# A population of values has a normal distribution with \mu=116.3 and \sigma=27.5. You intend to draw a random sample of size n=249. Find the probabilit

Random variables
A population of values has a normal distribution with $$\displaystyle\mu={116.3}$$ and $$\displaystyle\sigma={27.5}$$. You intend to draw a random sample of size $$\displaystyle{n}={249}$$.
Find the probability that a sample of size $$\displaystyle{n}={249}$$ is a randomly selected with a mean greater than 117.3.
$$\displaystyle{P}{\left(\overline{{{X}}}{>}{117.3}\right)}=$$?
Write your answers as numbers accurate to 4 decimal places.

2021-02-12
$$\displaystyle\overline{{{X}}}={\frac{{{1}}}{{{n}}}}{\sum_{{{i}={1}}}^{{n}}}{X}_{{i}}=$$
Mean value.
Therefore, the mean of $$\displaystyle\overline{{{X}}}$$ is 116.3,
standard deviation is $$\displaystyle{\frac{{{27.5}}}{{\sqrt{{{n}}}}}}={\frac{{{27.5}}}{{\sqrt{{{249}}}}}}$$, as $$\displaystyle{n}={249}$$.

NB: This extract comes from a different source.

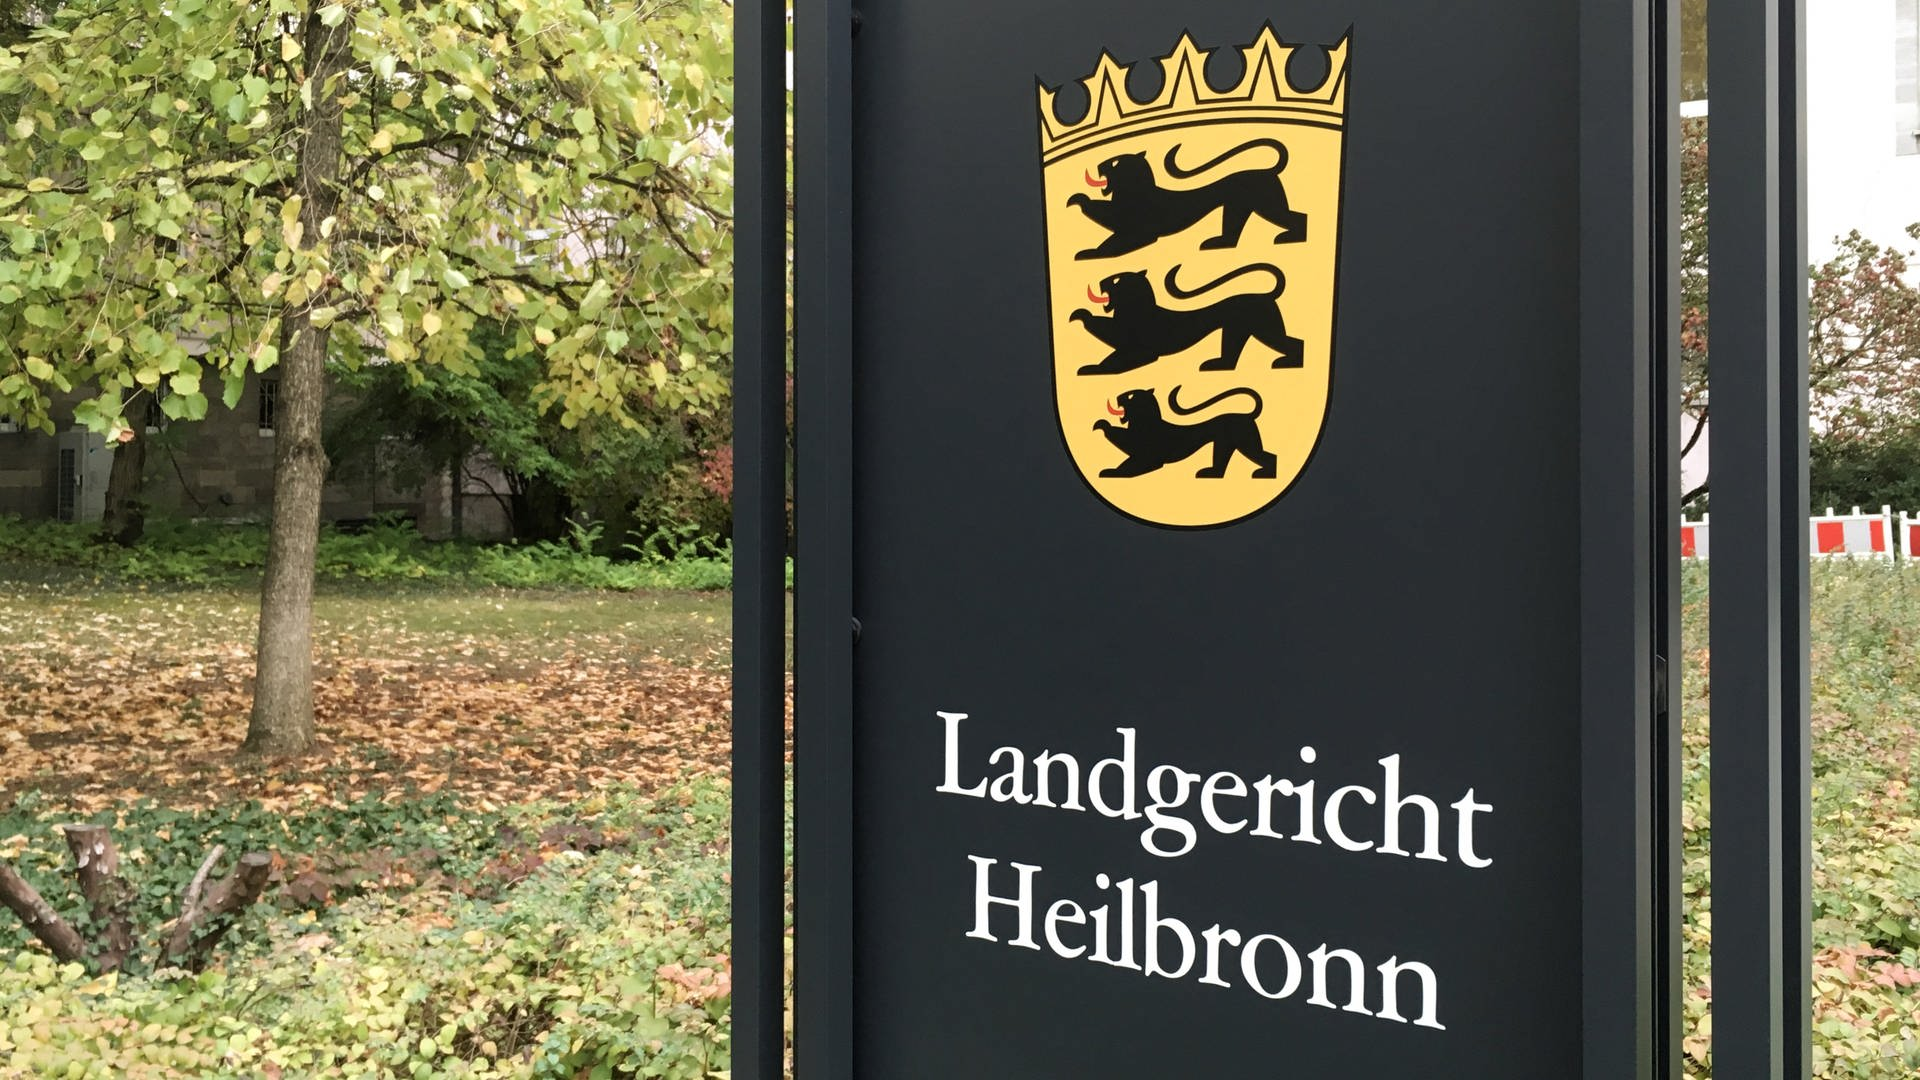 Das Heilbronner Landgericht

The probability of a mean greater than 117.3 is
$$\displaystyle{P}{\left[\overline{{{X}}}{>}{117.3}\right]}$$
$$\displaystyle={P}{\left[{\frac{{\overline{{{X}}}-{116.3}}}{{\frac{{27.5}}{\sqrt{{{249}}}}}}}{>}{\frac{{{117.3}-{116.3}}}{{\frac{{27.5}}{\sqrt{{{249}}}}}}}\right]}$$
$$\displaystyle={P}{\left[{Z}{>}{\frac{{\sqrt{{{249}}}}}{{{27.5}}}}\right]},{Z}={\frac{{\overline{{{X}}}-{116.3}}}{{\frac{{27.5}}{\sqrt{{{249}}}}}}}\sim$$ Normal(0,1)
$$\displaystyle={1}-{P}{\left[{Z}\leq{\frac{{\sqrt{{{249}}}}}{{{27.5}}}}\right]}$$
$$\displaystyle={1}-\phi{\left({0.574}\right)}$$
$$\displaystyle={1}-{0.717}={0.283}$$
The value of $$\displaystyle\phi{\left({0.574}\right)}$$ is taken from the Normal distribution table.
Therefore, the probability of the mean is greater than 117.3 is 0.283.